NOT FOR RELEASE, PUBLICATION OR DISTRIBUTION, IN WHOLE OR IN PART, DIRECTLY OR INDIRECTLY, IN, INTO OR FROM ANY JURISDICTION WHERE TO DO SO WOULD CONSTITUTE A VIOLATION OF THE RELEVANT LAWS OR REGULATIONS OF SUCH JURISDICTION
For Immediate Release 8 February 2019
Primary Health Properties PLC
Recommended All-Share Merger of Primary Health Properties Plc ("PHP" or the "Company") and MedicX Fund Limited ("MedicX") - Irrevocable Undertaking Update
Further to the announcement on 7 February 2019 providing an update to the irrevocable undertaking from Investec Wealth & Investment to PHP, the Company has been notified by Investec Wealth & Investment that it has been obliged to sell a further 8,000 shares in its discretionary holding in PHP. Accordingly, the irrevocable undertaking from Investec Wealth & Investment is now in respect of:
- 26,159,834 MedicX Shares, representing approximately 5.906% of the ordinary share capital of MedicX in issue as at close of business on 7 February 2019; and
- 37,225,861 PHP Shares, representing approximately 4.784% of the ordinary share capital of PHP in issue as at close of business on 7 February 2019.

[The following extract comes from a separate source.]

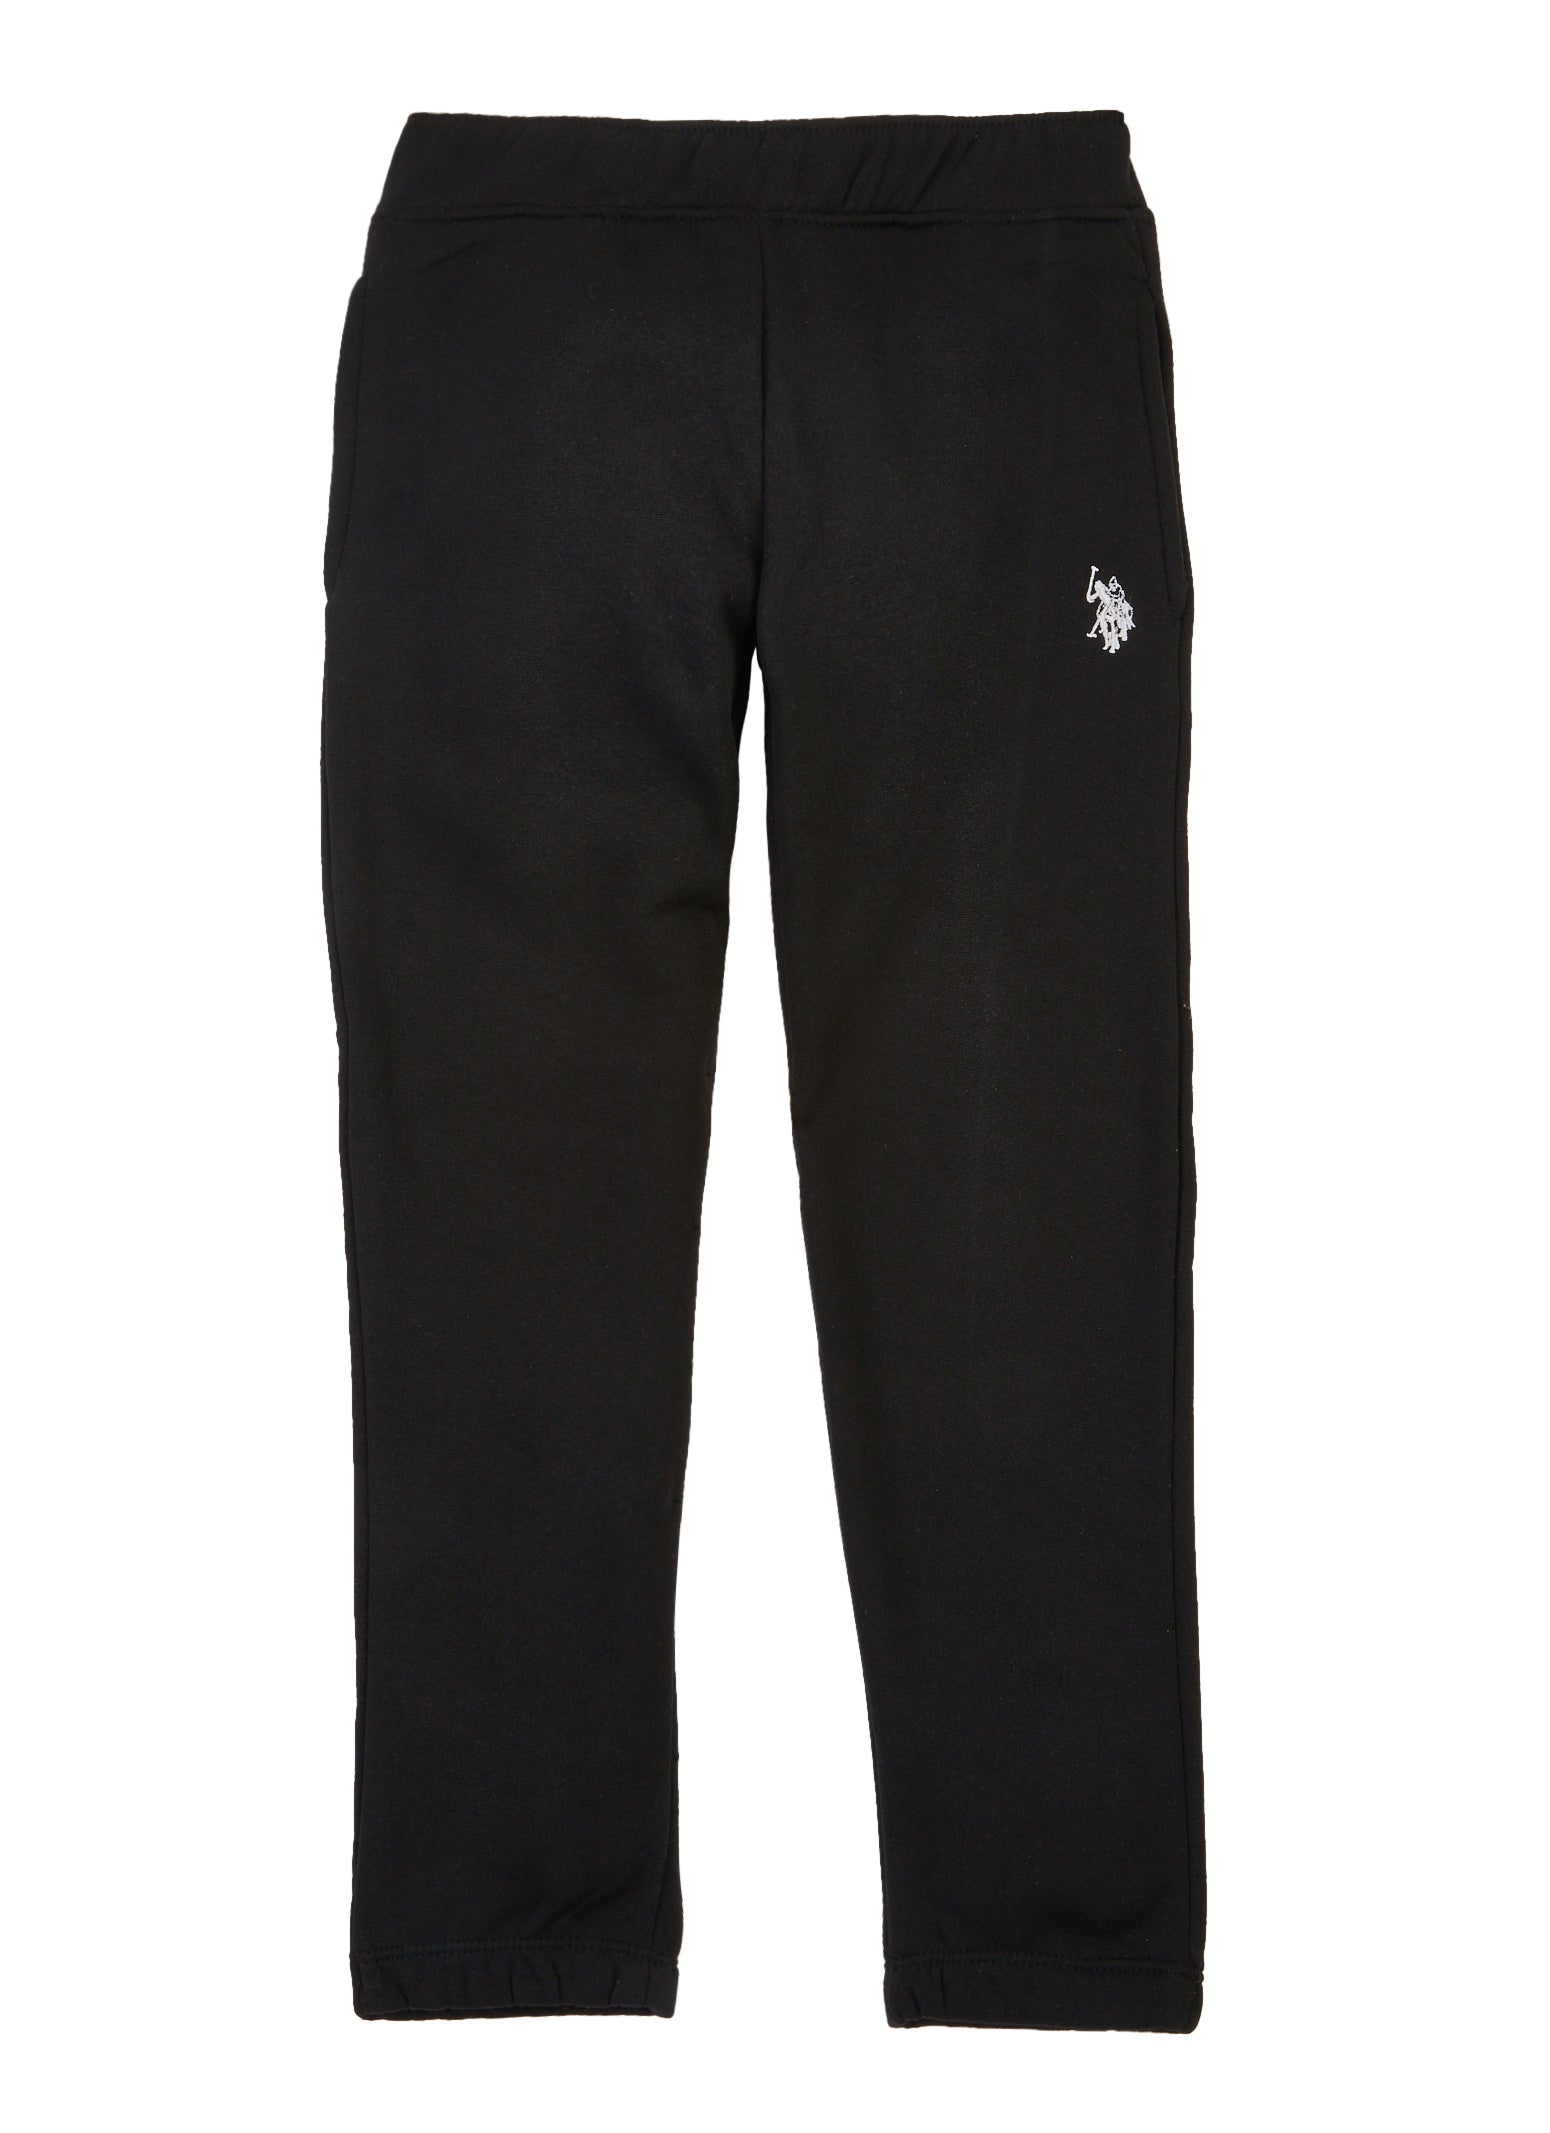 US Polo Boys 4-7 Black Gym Sweatpants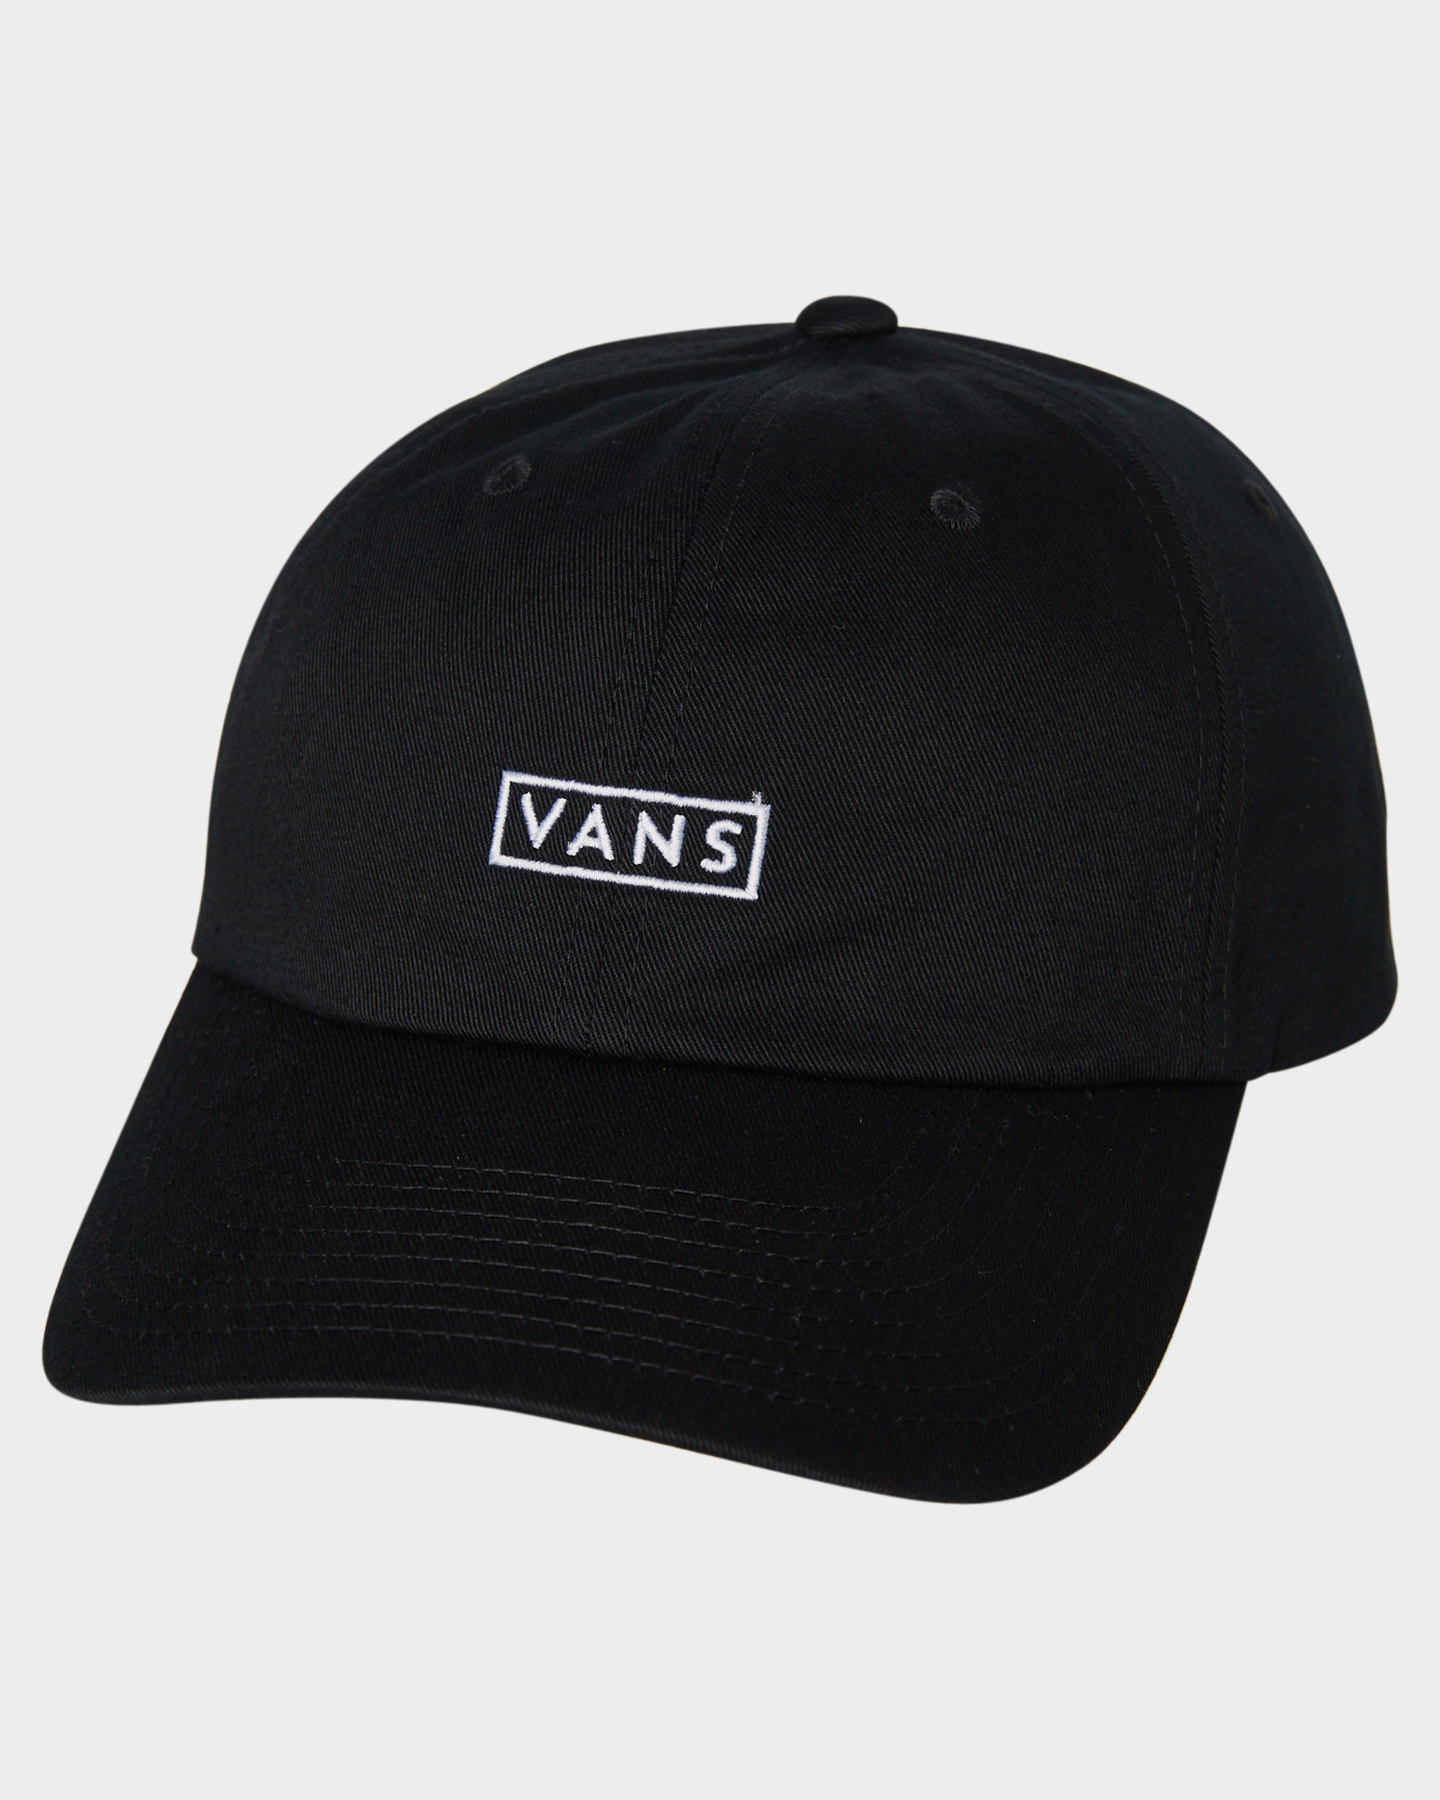 vans black cap

The Company has also been notified of a purchase of 168 PHP Shares by Harry Hyman and a close relative of his, which took place on 4 February 2019. Per the terms of the irrevocable undertaking given by Mr Hyman, the details of which were contained in the announcement on 24 January 2019 detailing the recommended all-share merger between PHP and MedicX, these additional shares fall to be included in the irrevocable undertaking from Harry Hyman, such that it is now given in respect of 12,836,616 PHP Shares, representing approximately 1.650% of the ordinary share capital of PHP in issue as at close of business on 7 February 2019.
This announcement is made under Rule 2.10 of the Takeover Code.
Enquiries:
Paul Wright,
for Nexus Management Services Limited, Company Secretary
Telephone: +44 (0) 20 7451 7057
LEI: 213800Y5CJHXOATK7X11
This announcement is for information purposes only. It is not intended to and does not constitute, or form part of, any offer, invitation or the solicitation of an offer to purchase, otherwise acquire, subscribe for, sell or otherwise dispose of any securities, or the solicitation of any vote or approval in any jurisdiction, pursuant to the Merger or otherwise, nor shall there be any sale, issuance or transfer of securities of MedicX pursuant to the Merger or otherwise in any jurisdiction in contravention of applicable law. The Merger will be implemented solely by means of the Scheme Document (or, in the event that the Merger is to be implemented by means of a Takeover Offer, the offer document) or any document by which the Merger is made which will contain the full terms and conditions of the Merger, including details of how to vote in respect of the Merger.
This announcement does not constitute a prospectus or prospectus equivalent document.
This announcement has been prepared for the purpose of complying with Guernsey law, English law, the Takeover Code, the Market Abuse Regulation and the Disclosure Guidance and Transparency Rules and the information disclosed may not be the same as that which would have been disclosed if this announcement had been prepared in accordance with the laws of jurisdictions outside of England or Guernsey.
A copy of this announcement will be made available free of charge, subject to certain restrictions relating to persons resident in Restricted Jurisdictions, at www.phpgroup.co.uk/investors by no later than 12 noon (London time) on the Business Day following the date of this announcement.